Re: [GIT PULL] TTY/Serial driver fixes for 4.11-rc4

From: Vegard Nossum
Date: Fri Apr 14 2017 - 05:41:35 EST


On 13 April 2017 at 20:34, Greg KH <gregkh@xxxxxxxxxxxxxxxxxxx> wrote:
> On Thu, Apr 13, 2017 at 09:07:40AM -0700, Linus Torvalds wrote:
>> On Thu, Apr 13, 2017 at 3:50 AM, Vegard Nossum <vegard.nossum@xxxxxxxxx> wrote:
>> >
>> > I've bisected a syzkaller crash down to this commit
>> > (5362544bebe85071188dd9e479b5a5040841c895). The crash is:
>> >
>> > [ 25.137552] BUG: unable to handle kernel paging request at 0000000000002280
>> > [ 25.137579] IP: mutex_lock_interruptible+0xb/0x30
>>
>> It would seem to be the
>>
>> if (mutex_lock_interruptible(&ldata->atomic_read_lock))
>>
>> call in n_tty_read(), the offset is about right for a NULL 'ldata'
>> pointer (it's a big structure, it has a couple of character buffers of
>> size N_TTY_BUF_SIZE).
>>
>> I don't see the obvious fix, so I suspect at this point we should just
>> revert, as that commit seems to introduce worse problems that it is
>> supposed to fix. Greg?
>
> Unless Dmitry has a better idea, I will just revert it and send you the
> pull request in a day or so.

I don't think we need to rush a revert, I'd hope there's a way to fix
it properly.

So the original problem is that the vmalloc() in n_tty_open() can
fail, and that will panic in tty_set_ldisc()/tty_ldisc_restore()
because of its unwillingness to proceed if the tty doesn't have an
ldisc.

Dmitry fixed this by allowing tty->ldisc == NULL in the case of memory
allocation failure as we can see from the comment in tty_set_ldisc().

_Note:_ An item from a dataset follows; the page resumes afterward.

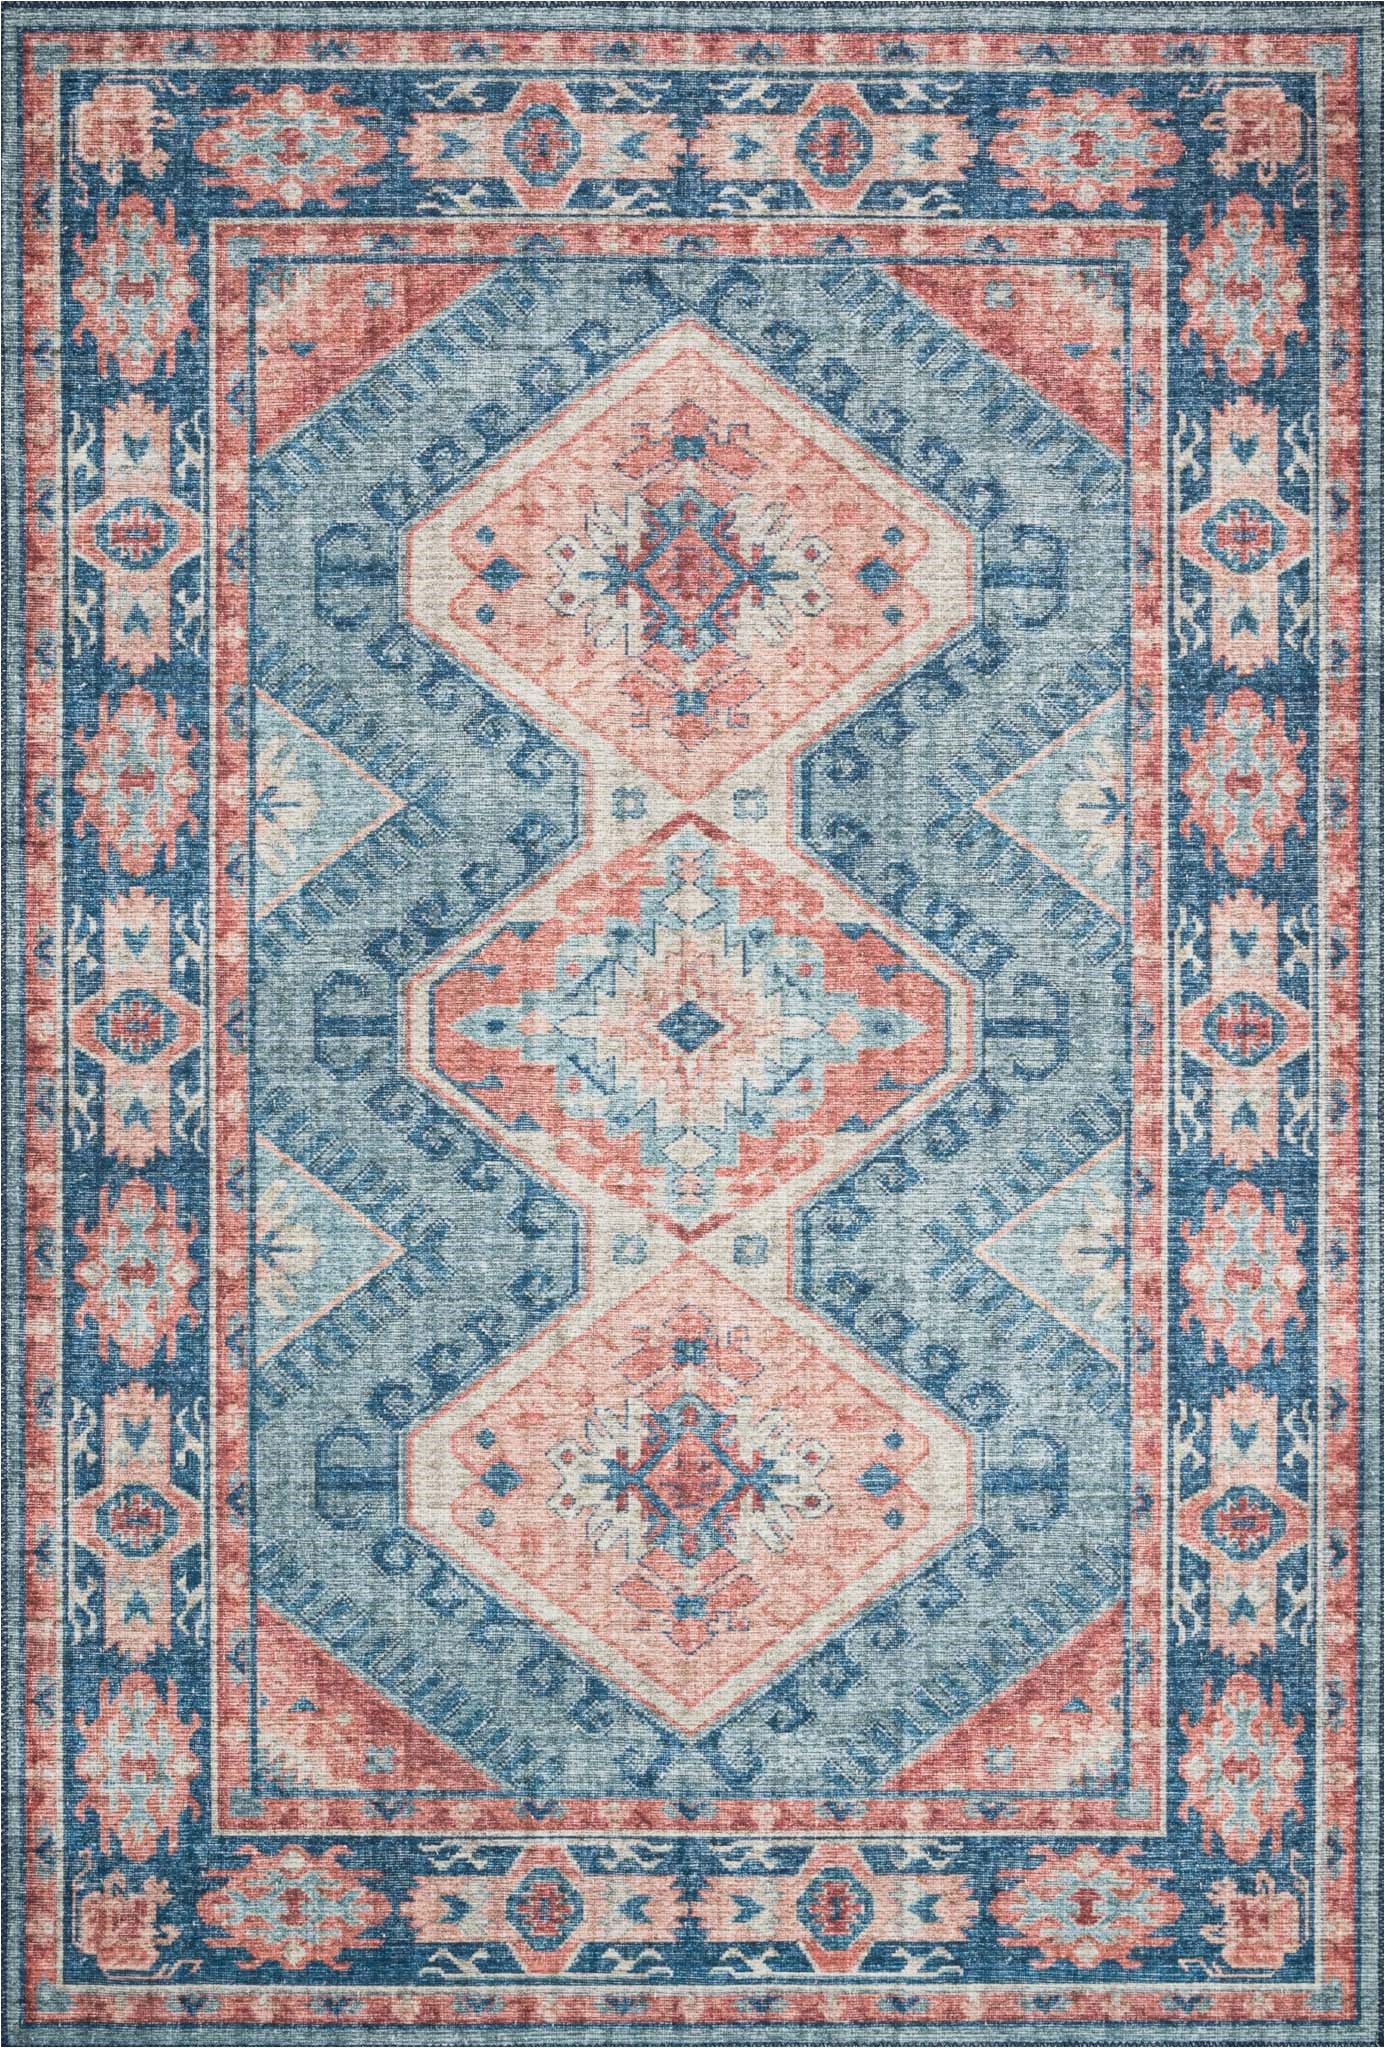 Terra Cotta Colored area Rugs Sky 03 Color Turquoise Terracotta Size 7 6" X 9 6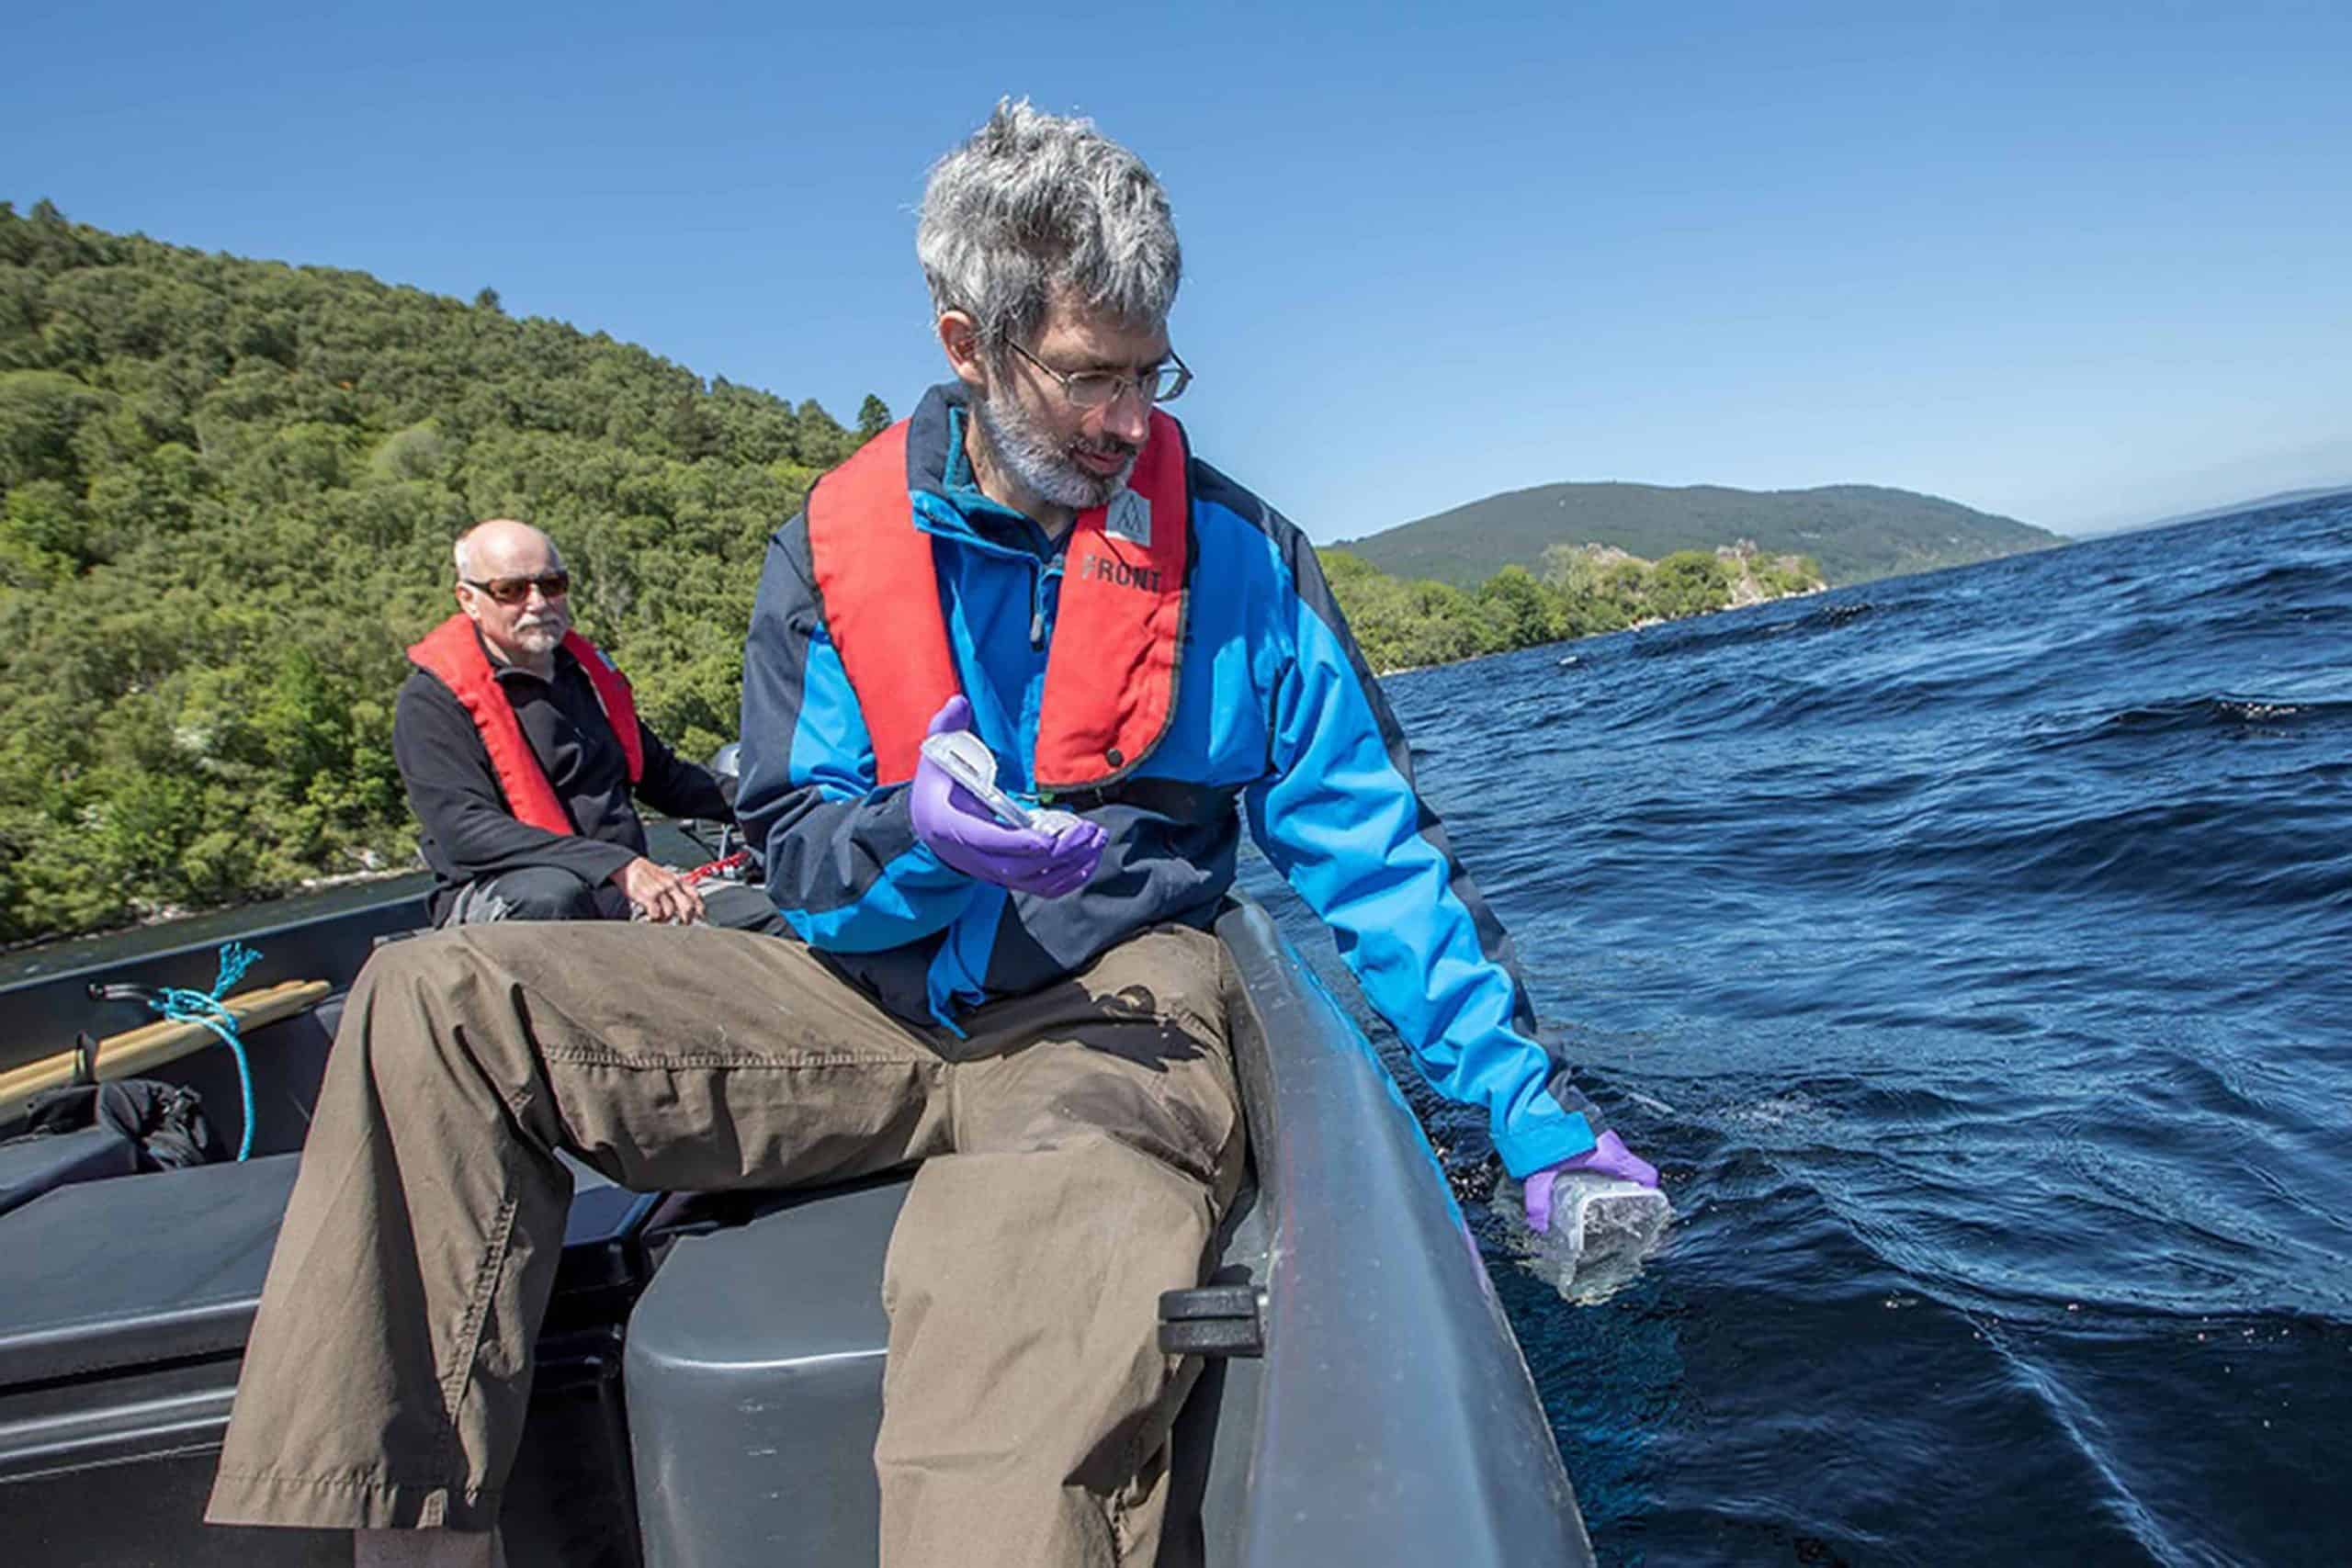 One Loch Ness monster theory remains plausible, scientist says

Unfortunately, it would appear that some other bits of code do not
like tty->ldisc == NULL (other than the crash in this thread, I saw
2-3 similar crashes in other functions, e.g. poll()). I see two
possibilities:

1) make other code handle tty->ldisc == NULL.

2) don't close/free the old ldisc until the new one has been
successfully created/initialised/opened/attached to the tty, and
return an error to userspace if changing it failed.

I'm leaning towards #2 as the more obviously correct fix, it makes
tty_set_ldisc() transactional, the fix seems limited in scope to
tty_set_ldisc() itself, and we don't need to make every other bit of
code that uses tty->ldisc handle the NULL case.


Vegard